Records for this task:
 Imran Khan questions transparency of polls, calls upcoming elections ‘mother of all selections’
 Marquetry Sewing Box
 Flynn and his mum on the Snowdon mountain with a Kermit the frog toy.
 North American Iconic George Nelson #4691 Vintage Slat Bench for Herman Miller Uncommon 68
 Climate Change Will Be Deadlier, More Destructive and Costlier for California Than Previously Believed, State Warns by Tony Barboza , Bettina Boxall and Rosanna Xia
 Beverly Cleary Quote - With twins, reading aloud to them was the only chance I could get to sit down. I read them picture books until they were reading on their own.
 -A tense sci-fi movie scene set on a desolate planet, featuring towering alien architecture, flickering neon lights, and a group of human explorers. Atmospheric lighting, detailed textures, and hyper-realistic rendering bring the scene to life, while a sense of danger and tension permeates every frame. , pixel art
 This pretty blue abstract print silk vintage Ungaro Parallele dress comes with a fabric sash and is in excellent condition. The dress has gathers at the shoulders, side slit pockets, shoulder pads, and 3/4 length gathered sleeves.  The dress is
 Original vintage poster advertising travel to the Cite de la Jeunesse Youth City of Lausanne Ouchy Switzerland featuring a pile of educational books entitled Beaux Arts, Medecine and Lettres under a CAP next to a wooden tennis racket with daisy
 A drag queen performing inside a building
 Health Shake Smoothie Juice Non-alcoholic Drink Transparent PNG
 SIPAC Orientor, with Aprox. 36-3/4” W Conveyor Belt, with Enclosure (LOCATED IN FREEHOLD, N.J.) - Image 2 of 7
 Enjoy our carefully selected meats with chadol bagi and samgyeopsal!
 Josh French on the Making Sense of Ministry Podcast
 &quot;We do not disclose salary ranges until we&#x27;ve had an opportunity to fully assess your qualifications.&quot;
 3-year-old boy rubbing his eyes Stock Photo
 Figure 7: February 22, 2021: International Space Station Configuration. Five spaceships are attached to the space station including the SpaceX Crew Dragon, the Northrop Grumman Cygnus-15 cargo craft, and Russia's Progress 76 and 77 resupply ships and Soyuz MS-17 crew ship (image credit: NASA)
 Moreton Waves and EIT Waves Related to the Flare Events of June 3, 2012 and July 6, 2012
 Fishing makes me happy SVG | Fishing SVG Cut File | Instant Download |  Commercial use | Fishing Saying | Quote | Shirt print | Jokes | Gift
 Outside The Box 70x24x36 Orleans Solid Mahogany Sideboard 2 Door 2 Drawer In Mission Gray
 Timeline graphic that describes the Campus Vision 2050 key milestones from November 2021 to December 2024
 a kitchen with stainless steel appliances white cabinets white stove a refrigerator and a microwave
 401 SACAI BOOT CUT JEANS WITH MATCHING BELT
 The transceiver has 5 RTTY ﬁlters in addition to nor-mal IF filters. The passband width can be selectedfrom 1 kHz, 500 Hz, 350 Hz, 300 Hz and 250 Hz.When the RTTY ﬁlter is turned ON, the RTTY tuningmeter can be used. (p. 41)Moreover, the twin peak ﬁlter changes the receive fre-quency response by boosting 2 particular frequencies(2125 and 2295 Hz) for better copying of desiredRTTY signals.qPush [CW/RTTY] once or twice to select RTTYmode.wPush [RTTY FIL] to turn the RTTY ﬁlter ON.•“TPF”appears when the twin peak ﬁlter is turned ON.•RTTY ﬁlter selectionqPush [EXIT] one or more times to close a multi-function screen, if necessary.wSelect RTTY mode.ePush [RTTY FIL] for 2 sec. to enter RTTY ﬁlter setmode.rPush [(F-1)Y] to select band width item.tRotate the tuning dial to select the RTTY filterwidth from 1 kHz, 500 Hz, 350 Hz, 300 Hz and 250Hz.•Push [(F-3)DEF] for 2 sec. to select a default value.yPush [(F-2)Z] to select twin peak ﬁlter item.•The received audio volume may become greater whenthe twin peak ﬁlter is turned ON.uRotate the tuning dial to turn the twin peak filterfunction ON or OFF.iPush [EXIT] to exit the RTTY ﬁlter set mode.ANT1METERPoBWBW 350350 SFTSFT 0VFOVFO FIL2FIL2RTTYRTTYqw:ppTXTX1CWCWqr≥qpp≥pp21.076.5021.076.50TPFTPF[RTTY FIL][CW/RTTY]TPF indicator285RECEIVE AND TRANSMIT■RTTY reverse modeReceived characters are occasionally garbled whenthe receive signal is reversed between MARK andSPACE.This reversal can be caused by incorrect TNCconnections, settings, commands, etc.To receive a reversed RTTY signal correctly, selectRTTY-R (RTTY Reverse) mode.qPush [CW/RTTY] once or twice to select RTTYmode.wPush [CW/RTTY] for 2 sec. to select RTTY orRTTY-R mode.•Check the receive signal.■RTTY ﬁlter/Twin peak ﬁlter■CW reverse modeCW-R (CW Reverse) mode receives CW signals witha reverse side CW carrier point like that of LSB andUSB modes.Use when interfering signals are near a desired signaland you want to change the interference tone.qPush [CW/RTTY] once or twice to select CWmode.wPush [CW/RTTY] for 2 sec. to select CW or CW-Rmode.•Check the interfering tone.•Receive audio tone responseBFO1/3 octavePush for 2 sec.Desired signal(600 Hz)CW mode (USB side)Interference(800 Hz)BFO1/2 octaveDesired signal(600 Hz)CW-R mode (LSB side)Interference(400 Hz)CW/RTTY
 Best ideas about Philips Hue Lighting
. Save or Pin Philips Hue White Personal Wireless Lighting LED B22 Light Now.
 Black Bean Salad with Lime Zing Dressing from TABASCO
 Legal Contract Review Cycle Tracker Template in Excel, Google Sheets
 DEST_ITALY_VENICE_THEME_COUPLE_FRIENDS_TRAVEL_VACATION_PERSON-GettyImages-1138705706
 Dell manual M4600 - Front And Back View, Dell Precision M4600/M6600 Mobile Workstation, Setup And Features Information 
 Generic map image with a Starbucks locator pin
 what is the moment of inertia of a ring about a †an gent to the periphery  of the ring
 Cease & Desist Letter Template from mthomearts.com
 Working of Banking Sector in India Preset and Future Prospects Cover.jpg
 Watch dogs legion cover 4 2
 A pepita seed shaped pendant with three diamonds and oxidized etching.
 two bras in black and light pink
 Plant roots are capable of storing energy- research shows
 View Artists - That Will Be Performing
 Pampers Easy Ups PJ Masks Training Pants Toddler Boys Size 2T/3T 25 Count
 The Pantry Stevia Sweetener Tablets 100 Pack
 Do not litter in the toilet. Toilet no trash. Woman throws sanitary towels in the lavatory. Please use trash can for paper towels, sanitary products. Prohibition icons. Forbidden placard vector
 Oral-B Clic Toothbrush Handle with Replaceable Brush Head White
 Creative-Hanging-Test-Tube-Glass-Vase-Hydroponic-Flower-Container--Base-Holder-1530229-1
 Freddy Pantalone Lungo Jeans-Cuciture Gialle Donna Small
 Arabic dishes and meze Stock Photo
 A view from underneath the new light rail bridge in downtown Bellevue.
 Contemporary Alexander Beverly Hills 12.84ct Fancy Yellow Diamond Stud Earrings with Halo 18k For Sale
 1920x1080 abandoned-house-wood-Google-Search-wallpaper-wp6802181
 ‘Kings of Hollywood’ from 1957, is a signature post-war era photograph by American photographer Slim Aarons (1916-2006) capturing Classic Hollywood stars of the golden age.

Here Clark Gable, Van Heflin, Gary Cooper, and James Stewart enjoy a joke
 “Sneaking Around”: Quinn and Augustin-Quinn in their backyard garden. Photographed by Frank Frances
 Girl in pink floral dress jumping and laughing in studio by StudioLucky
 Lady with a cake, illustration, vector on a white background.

Work request: When a line of the records holds the word "Beverly", copy that line.

Answer for this exercise:
 Beverly Cleary Quote - With twins, reading aloud to them was the only chance I could get to sit down. I read them picture books until they were reading on their own.
 Contemporary Alexander Beverly Hills 12.84ct Fancy Yellow Diamond Stud Earrings with Halo 18k For Sale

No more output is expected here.